Wednesday, August 25, 2010

30 Day TV Challenge - Day 17: "Baby, can you dig your man?"

17. Your favorite miniseries
Stephen King's The Stand
This is almost cheating. The Stand is Stephen King's best work, and my favorite novel of all time. But what else could my favorite miniseries be? It's an epic piece of television, the type of grand-scale masterpiece that was completely alien to network TV in the early '90s. It's dark, violent, and just fucking weird for so much of its running time, that I don't think any project like it would have survived without a name like King's attached to it. It makes a few errors, mostly in casting (rail-thin Corin Nemic as overweight Harold? Anemic Laura San Giacomo as the sexy, alluring Nadine? Kareem Abdul-Jabbar*?), but it's otherwise a brilliant adaptation. They took an eleven hundred page book, a shoestring budget, and created a miracle.

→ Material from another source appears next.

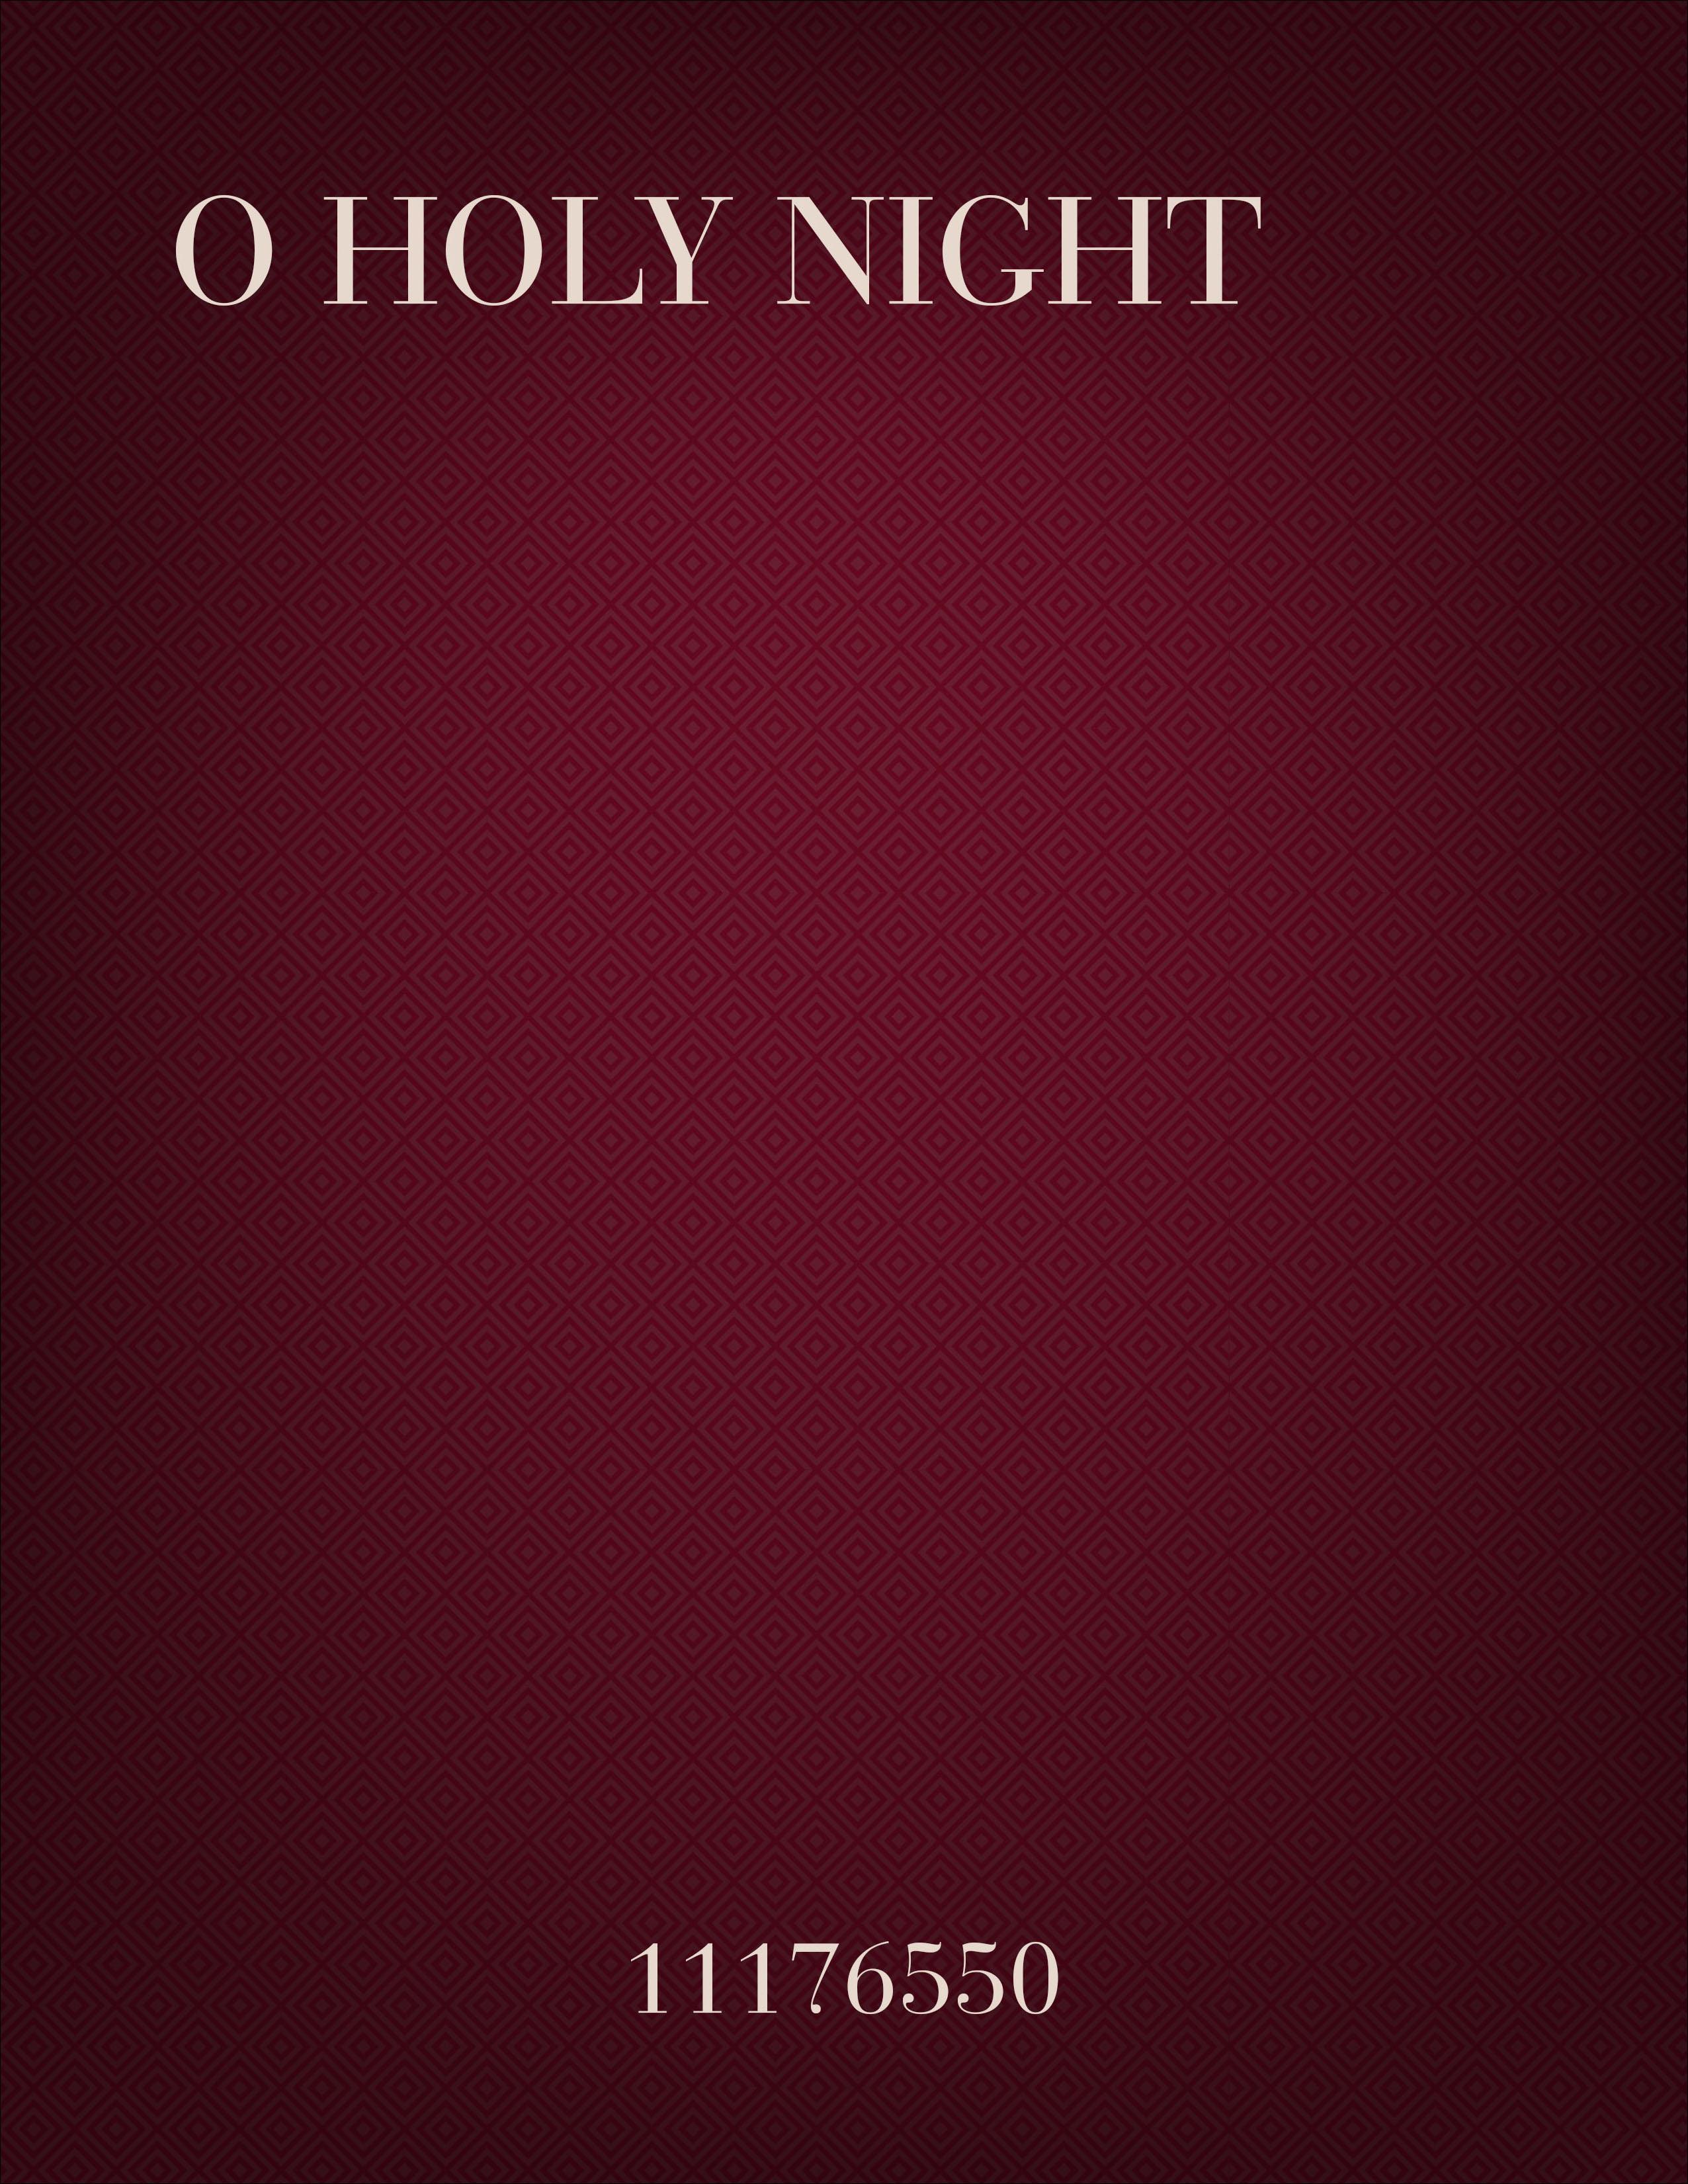 O Holy Night.
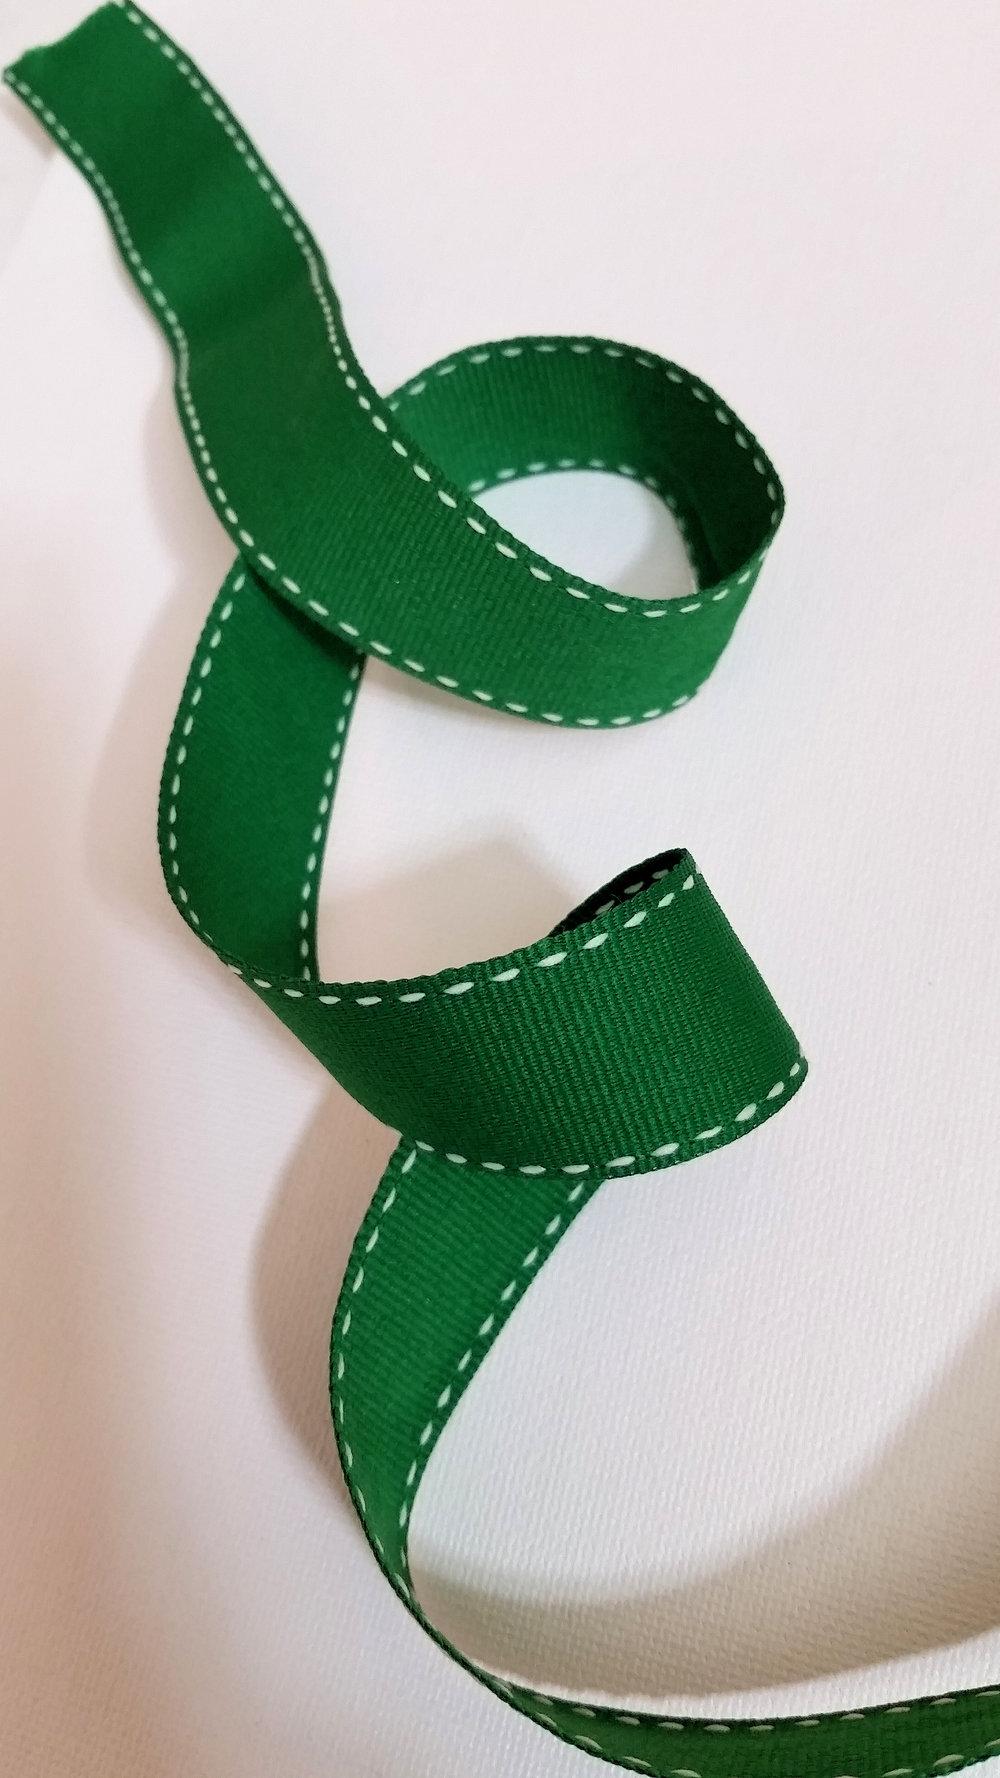 Stitched Edge Green Ribbon.jpg

I'm sure everyone knows the plot: a manufactured virus escapes from a government lab and spreads rapidly to the general public. Within weeks, 99.7% of the world's population is dead from this "superflu," and those remaining -- totally immune to the virus, without clear explanation -- are plagued with dark, prophetic dreams that call to them as a summons. Some are drawn to the home of Mother Abigail, a kind and wise old woman in Nebraska; the others are compelled to seek out Randall Flagg, the "dark man," a smirking representative of pure evil who takes up residence in (of course) Las Vegas. A (final?) battle between good and evil begins to brew.

That's dark stuff, and, again, not what I'd call typical early '90s network fodder. There's grisly material here: endless shots panning over piles of corpses in all states of decay, extensive sequences of jackbooted government thugs violently stomping out those who try to spread the truth of the superflu -- ABC just let it fly. While a lot of the truly wretched stuff never made it out of the pages of the novel -- the really explicit sexual stuff, mostly -- the tone and style is remarkably faithful. As is the content: while several scenes are moved around chronologically, or composited together, the miniseries doesn't bear any narrative scars, which is remarkable for any kind of adaptation.

And I know I took a shot at the actors a couple of paragraphs ago, but most of the cast is stellar. Especially some of the smaller roles -- Ed Harris and Kathy Bates drop in for minor performances that cast long shadows indeed. Rob Lowe (pre-West Wing comeback) is a perfect Nick, and Corin Nemic is actually quite good as Harold, despite being disastrously miscast. The best, though -- and it's not even close -- is Matt Frewer, who is positively transcendent as the Trashcan Man. He practically steals the entire series: his psychotic desperation almost turns him into a hero.

The Stand was so great that ABC essentially handed Stephen King a blank check and carved up hours of prime time in later years for him to do with pretty much whatever he wanted. But none of those other projects -- The Shining, Desperation, Rose Red, even the mammoth Kingdom Hospital -- could measure up to his masterpiece.

*Okay, in fairness, that's just a cheap shot at Kareem: he's in three scenes, tops, and has maybe one total minute of screen time. And you know what? I actually like his character, which is one of the few original to the miniseries.